One might expect Facebook’s announcement last summer, that it would launch a global payment system to help tackle this issue, to have been met with jubilation. Instead, Facebook’s Libra, a form of cryptocurrency underwritten by real cash (called a stablecoin), was greeted with a storm of criticism from those in government and bankers. This caused a wave of defections by some of its initial backers: PayPal, Visa, Mastercard and eBay all dropped out as the plans to launch the currency came under scrutiny – leaving about 20 partners, including Uber, Lyft and Spotify, with a stake in the underlying Libra Association.

Digital banknotes

Even so, Mark Carney, the former Governor of the Bank of England, admitted that the global payments system was no longer fit for purpose: ‘Making a payment should be the same as exchanging a banknote, but online,’ he said.

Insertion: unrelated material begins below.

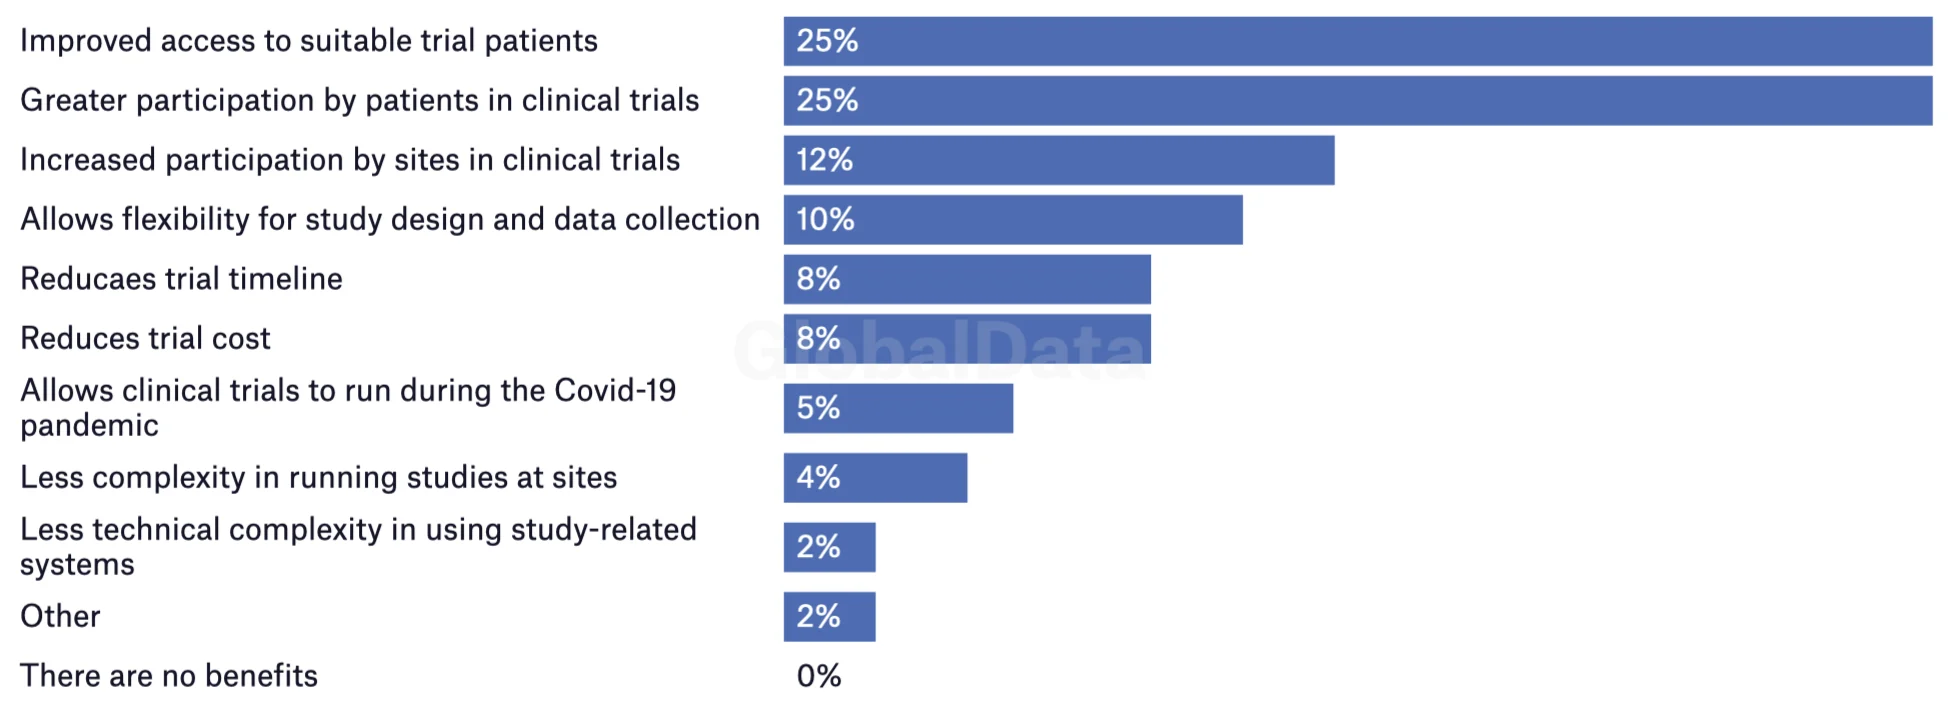 Perceived benefits of decentralised trials for future users
Survey fielded June 29 2022 to July 28 2022

That dream has been pursued in recent years by an internet subculture that has grown up around cryptocurrencies. While bitcoin is the largest of these initiatives, the magazine Wired has estimated that at the time Libra was launched there were over 2,400 cryptocurrencies in circulation.

Cryptocurrencies behave like cash insofar as they provide total privacy for users making online transactions, but they are more like chips deposited on a roulette table when it comes to the stability of their value. Since they are not underwritten by anything except the goodwill of their users, and a trust in the underlying technology, they are too volatile for most people. The price of a bitcoin has bounced between $3,000 and $12,000 in recent years, for example.

Facebook’s solution makes sense to the extent that the proposed currency is backed by real cash reserves – that should take care of the problem of volatility. It also makes sense because the company has an estimated 2.5 billion active users, many of whom are likely to be outside the banking economy but own mobile phones. Yet if it agrees to come under the regulatory regimes institutions – which it says it has – it may be hard to realise these aims because making payments will be unlike exchanging a banknote.

Regulators

In October 2019, Lael Brainard, one of the governors of the US Federal Reserve, went on record during a public speech about the ‘core set of legal and regulatory challenges’ Facebook would need to deal with if it wanted to go live. ‘Compliance with know-your-customer rules and regulations are essential to ensure stablecoins are not used for illegal activities and illicit finance,’ Brainard said.

For Michael Casey, former Senior Advisor for Blockchain Opportunities at Massachusetts Institute of Technology’s Digital Currency Initiative, it is the very problem of identity that has made so many people around the world ‘unbanked’. Writing in the industry magazine CoinDesk, he said, ‘A lack of education, poor credit records and untrustworthy state-issued ID papers means these people can’t qualify for accounts at local banks. Primarily because those local banks are compelled to comply with strict international know-your-customer procedures lest they are cut off by their foreign banking counterparts.’ Having both privacy for transactions and the power to catch criminals laundering money is incompatible at a fundamental level.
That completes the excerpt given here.